2. Literature during the Great Patriotic War.

2.1 Poetry of the war years.

2.2 Military journalism.

2.3 Stories and novels about the war.

3. Art during the Great Patriotic War.

3.1. Cinema.

3.1.1. War chronicles and film novels.

3.1.2. Art films.

3.2. Art.

3.2.1. Propaganda poster as the main form of fine art during the war.

3.2.2. Painting, sculpture, graphics.

3.3. Wartime music.

4. Conclusion.

Bibliography.

1. Introduction

The Great Patriotic War is one of the brightest and most tragic pages in the history of our country. The war became a terrible test for the entire Soviet people. A test of courage, resilience, unity and heroism. To survive the confrontation with the most powerful of the developed countries of that time - Nazi Germany - became possible only at the cost of enormous effort and the greatest sacrifices.

During the war, the ability of our people to endure severe social overloads, developed by thousands of years of Russian experience, was clearly demonstrated. The war once again demonstrated the amazing “talent” of the Russian people to reveal all their best qualities, abilities, and potential precisely in extreme conditions.

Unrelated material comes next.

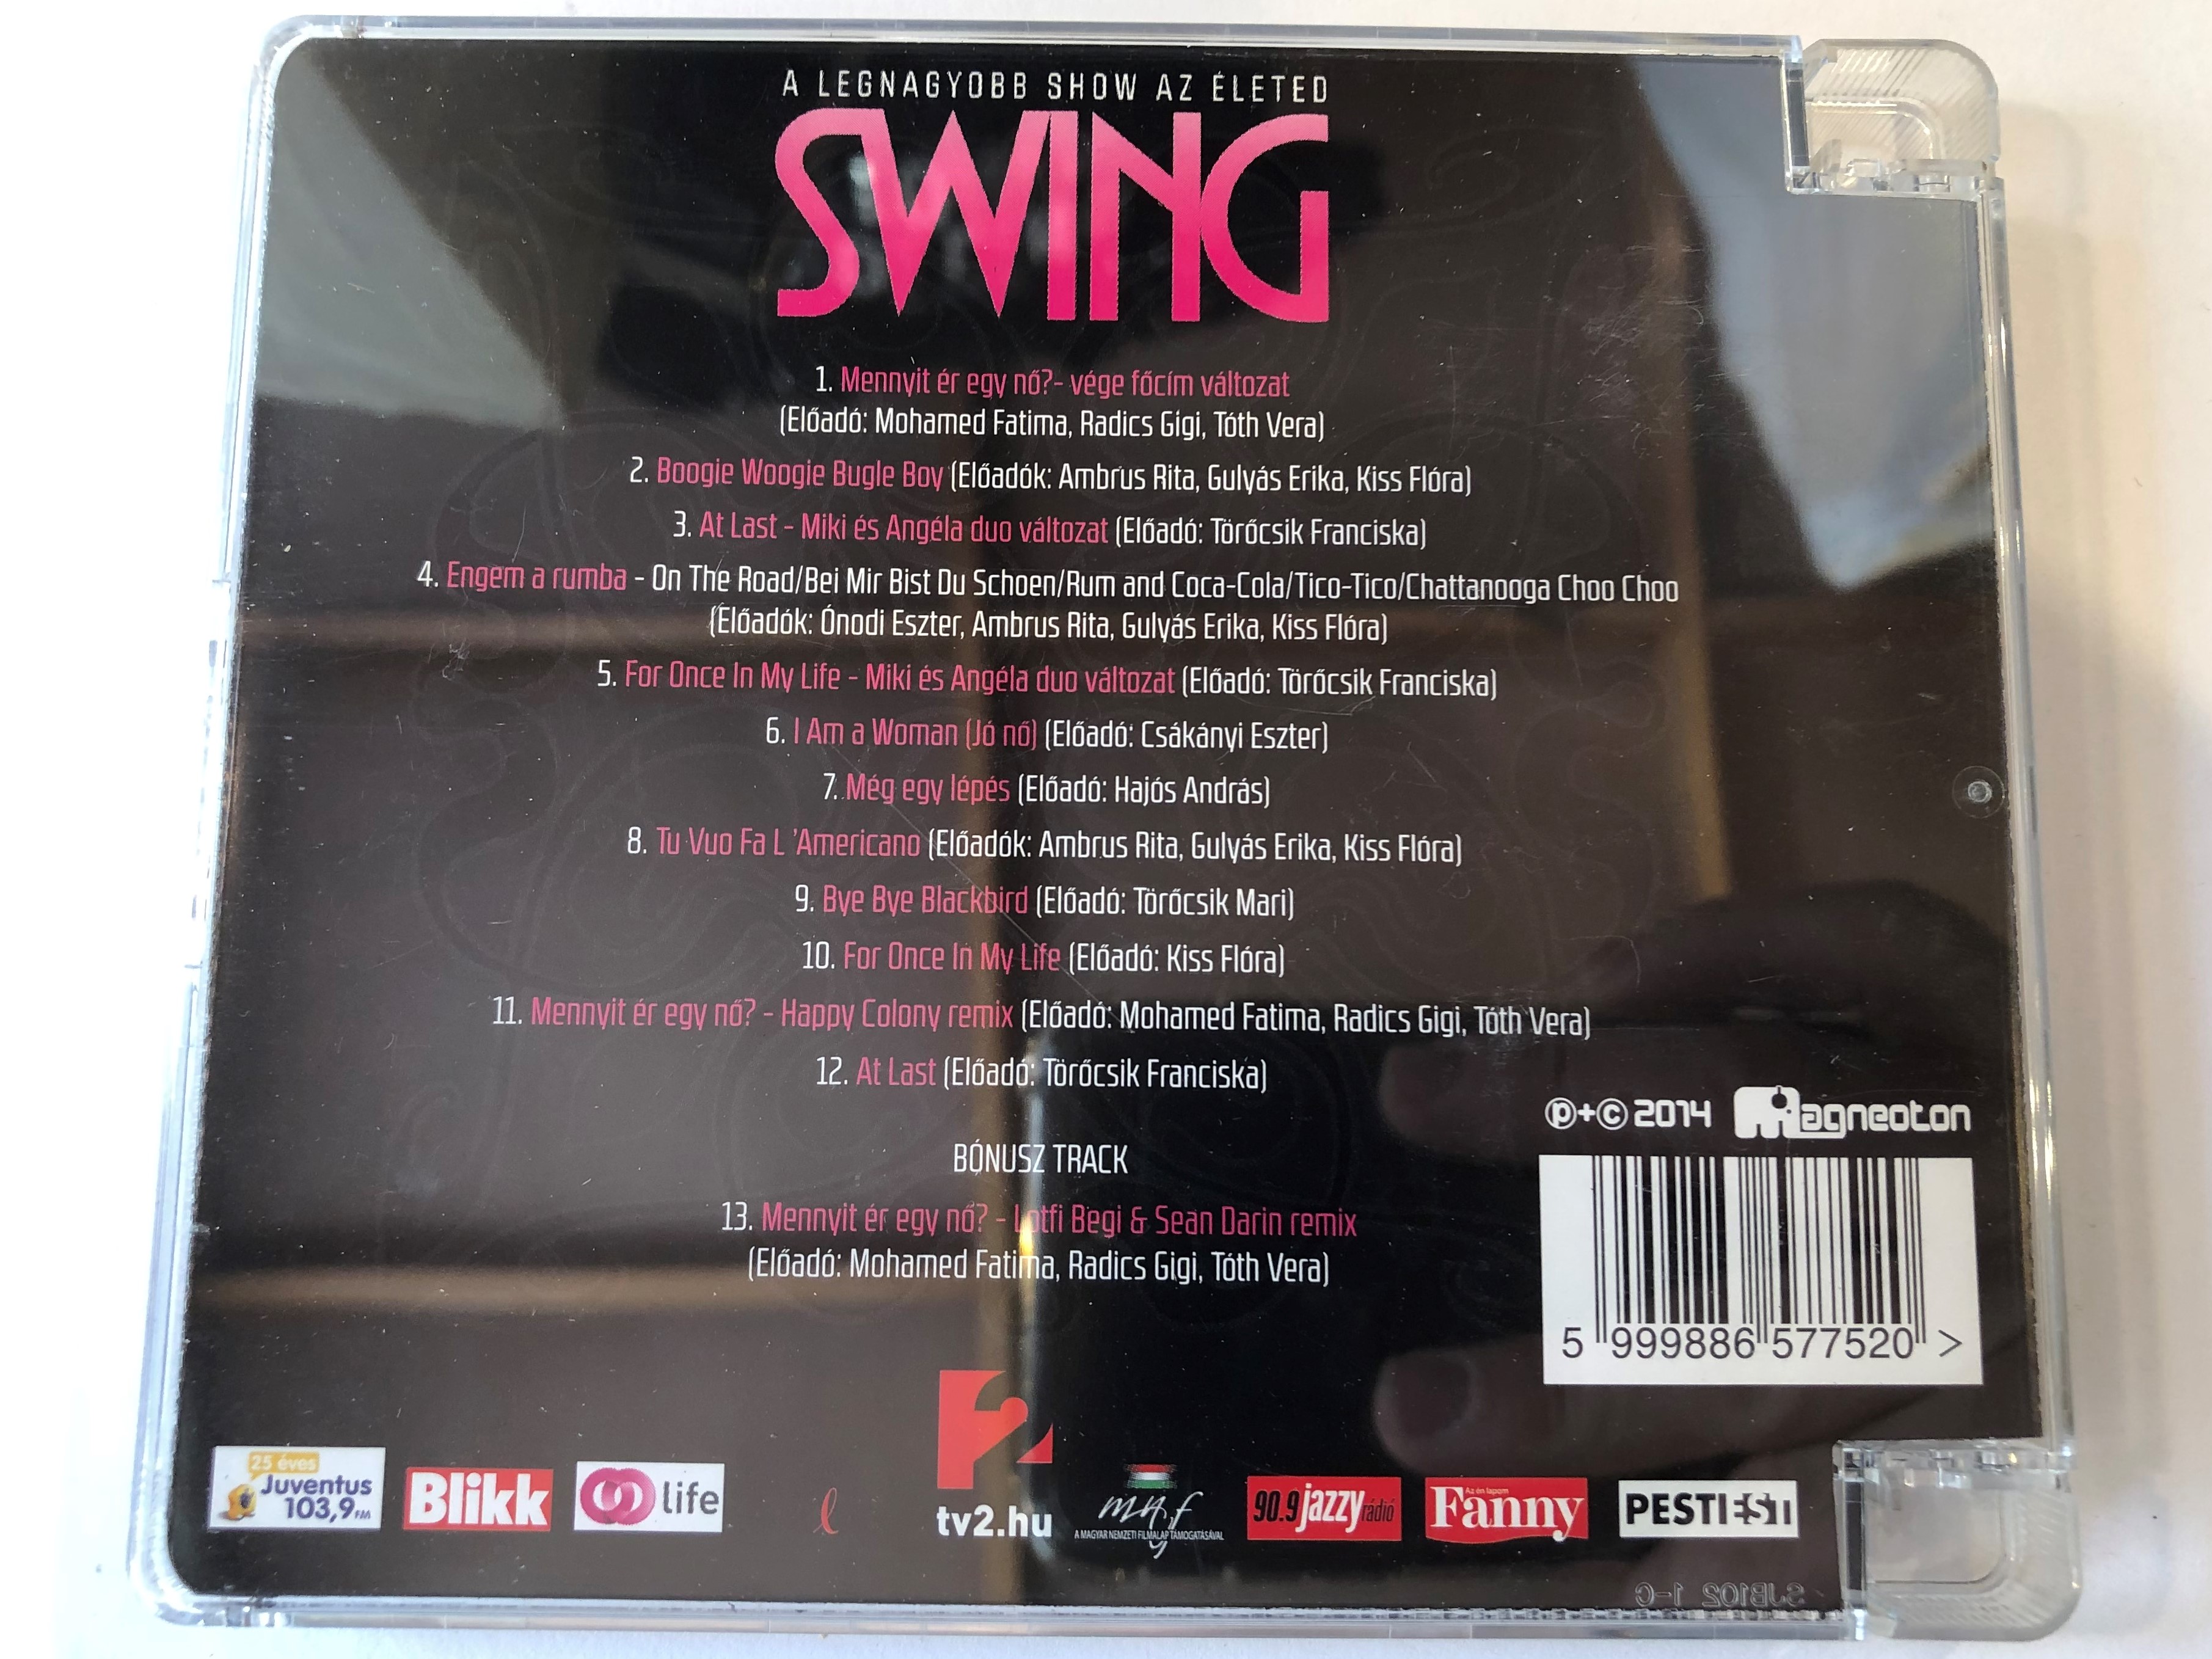 a-legnagyobb-show-az-leted-swing-magneoton-audio-cd-2014-5999886577520-4-.jpg

All these popular feelings and sentiments were manifested not only in the mass heroism of Soviet soldiers at the front, but also in the rear. The flow of volunteers to the front did not dry out. Tens of thousands of women, teenagers, and old people took to machine tools and mastered tractors, combines, and cars to replace the husbands, fathers, and sons who had gone to war.

The war with its grief, loss of loved ones, suffering, enormous strain on all the spiritual and physical forces of the people and at the same time an extraordinary spiritual uplift was reflected in the content of works of literature and art during the war years. My essay talks about the enormous contribution to the great cause of Victory made by the artistic intelligentsia, who shared the fate of the country along with all the people. While working on the abstract, I studied a number of articles and publications. I learned a lot of interesting things for myself in the book by P. Toper “For the sake of life on earth...”The book is a broad study of world literature devoted to the military theme, talks about the works of this period, their ideological orientation and heroes. The collections “The Second World War: Cinema and Poster Art”, as well as “The History of Moscow during the Great Patriotic War and the Post-War Period”, which introduced me to famous film masters, artists, musicians and their works, aroused great interest. The textbook for preparing for exams “Russian Literature of the 20th Century” gave me the necessary theoretical basis. Internet resources also contributed to successful work on the abstract.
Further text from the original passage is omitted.